Faculty Instructional Guide 3rd Edition, 2011

Page 111

DOCUMENTING AND IMPROVING TEACHING

Section 9

Why Evaluate? Doing an evaluation is like doing research. In both cases, you try to answer important questions about a topic. The key to doing both activities well is identifying the right questions and devising means to answer them. The key questions in evaluating teaching are: “How well am I teaching?” and “Which aspects of my teaching are good and which need to be improved?” The first question attempts to provide a global assessment, while the second is analytical and diagnostic in character. All teachers, even the best, can become more effective. While some continually improve and approach their full potential, others make modest improvements early in their careers and then level off, or sometimes even decline. The primary difference is often that those in the former group continually gather information about their teaching and use it as a basis for improvement. Another reason to evaluate is to document the quality of your teaching for others. The only way to provide such information is to gather it, and that means evaluation. Teaching portfolios are becoming a common way of communicating this information to others. Compiling a portfolio also helps you better understand your own teaching. We also evaluate for our own mental and psychological satisfaction. It's one thing to do a good job and think that it went well; it's quite another, and far more enjoyable, to have solid evidence that we did a good job. That knowledge is possible only if we do a thorough job of evaluation.

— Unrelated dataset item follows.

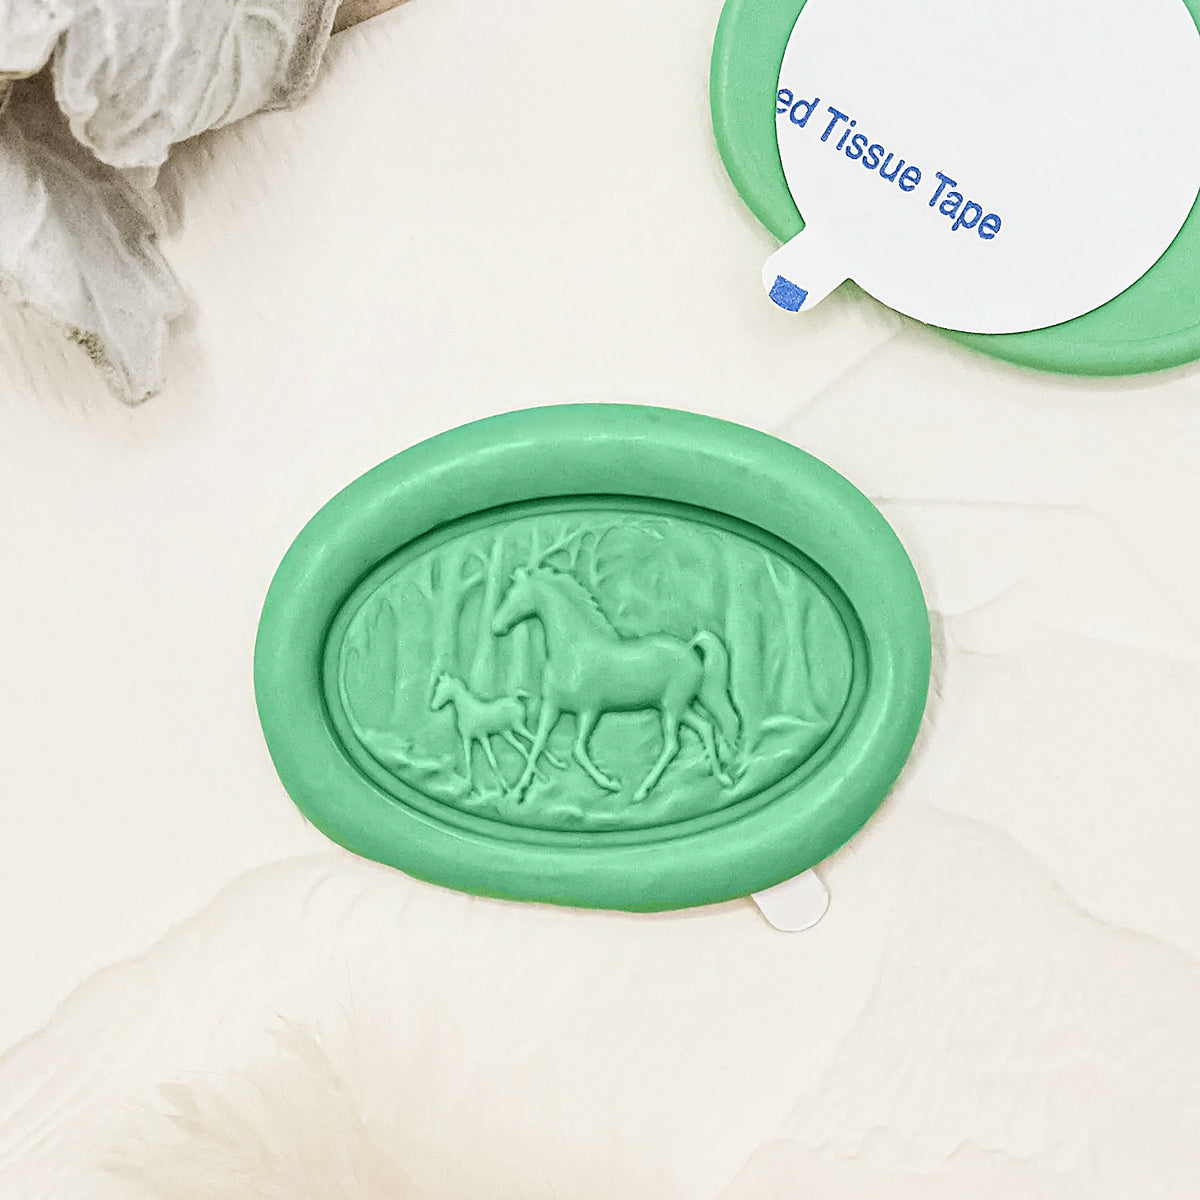 3D Relief Horse Self-adhesive Wax Seal Stickers 2-1
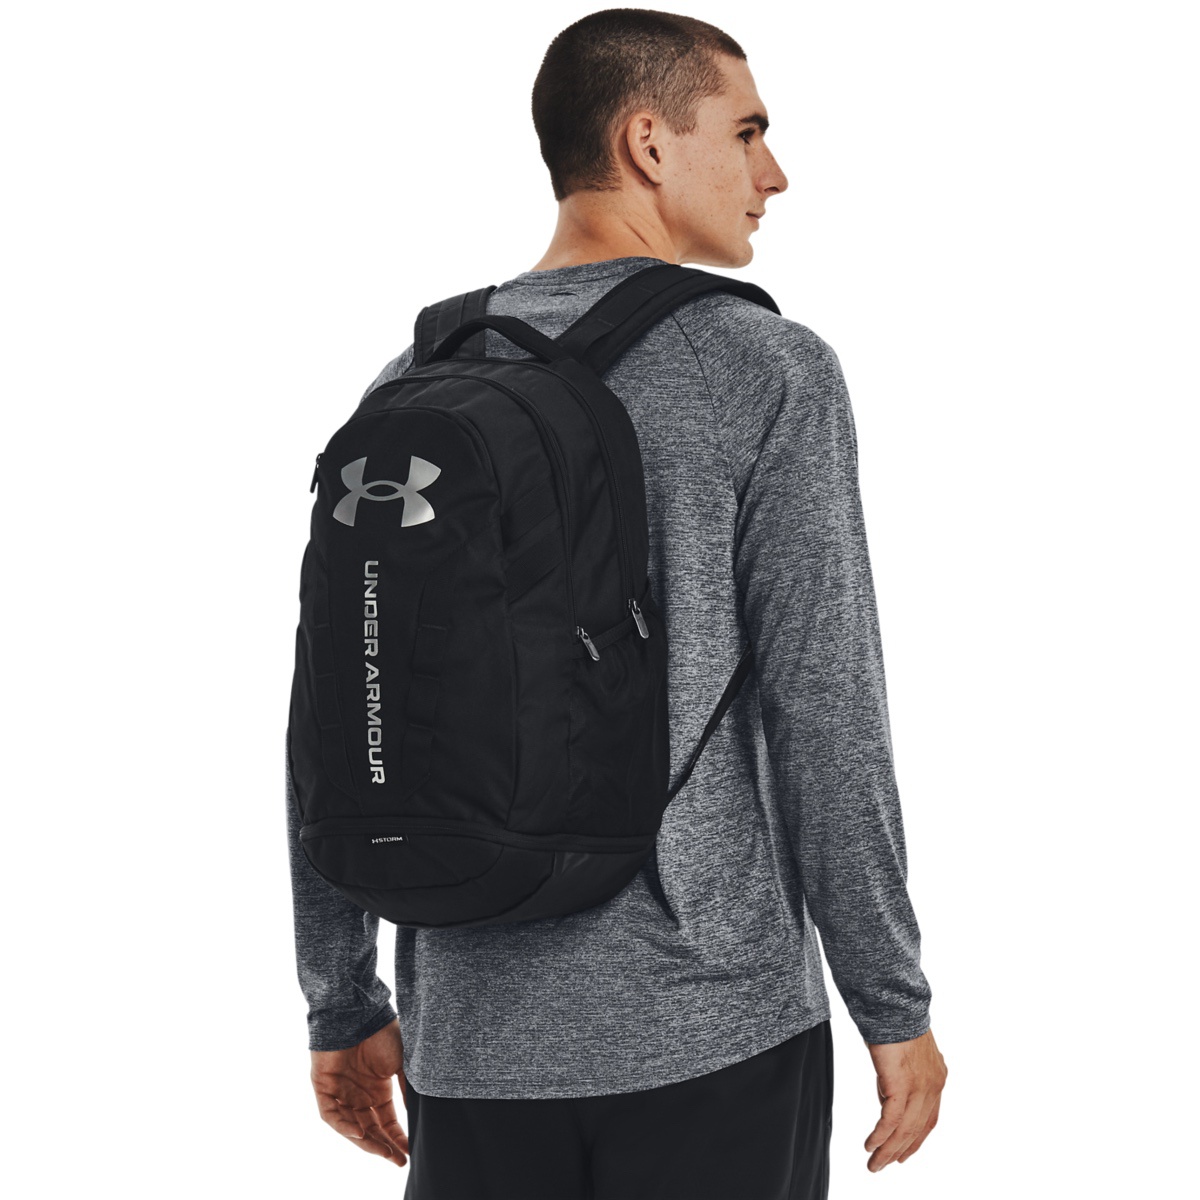 Rucsac Unisex HUSTLE 5.0 BACKPACK Under Armour

Five Sources of Information for Evaluating Teaching* Self-Monitoring All teachers self-monitor whenever they teach. While most of your mental activity may be focused on the presentation or discussion, part of your attention is monitoring: “How is it going?”; “Are they with me?”; “Am I losing them?” and “Are they interested or bored?” The first value of self-monitoring is that it is immediate and constant. You do not have to wait a week or a day or even an hour to get the results. It happens right away; hence, adjustments are possible right away. The second value is that the information generated by self-monitoring is automatically cast in terms that are meaningful to you. You, not someone else, look at the situation and say: “This is what is happening.” You may not always know why it is happening, or what to do about it if it is something you don’t like, but you do have your own sense of what is happening in your teaching. The very strength of self-monitoring, however, may also be its weakness. The kind of information you generate through self-monitoring is subject to your own biases and misinterpretations. Your own blind spots and lack of complete objectivity will cause you at times to misread the responses of students to your teaching. To help counteract the subjectivity of self-monitoring, you may wish to turn to an objective source of information, one without subjective bias.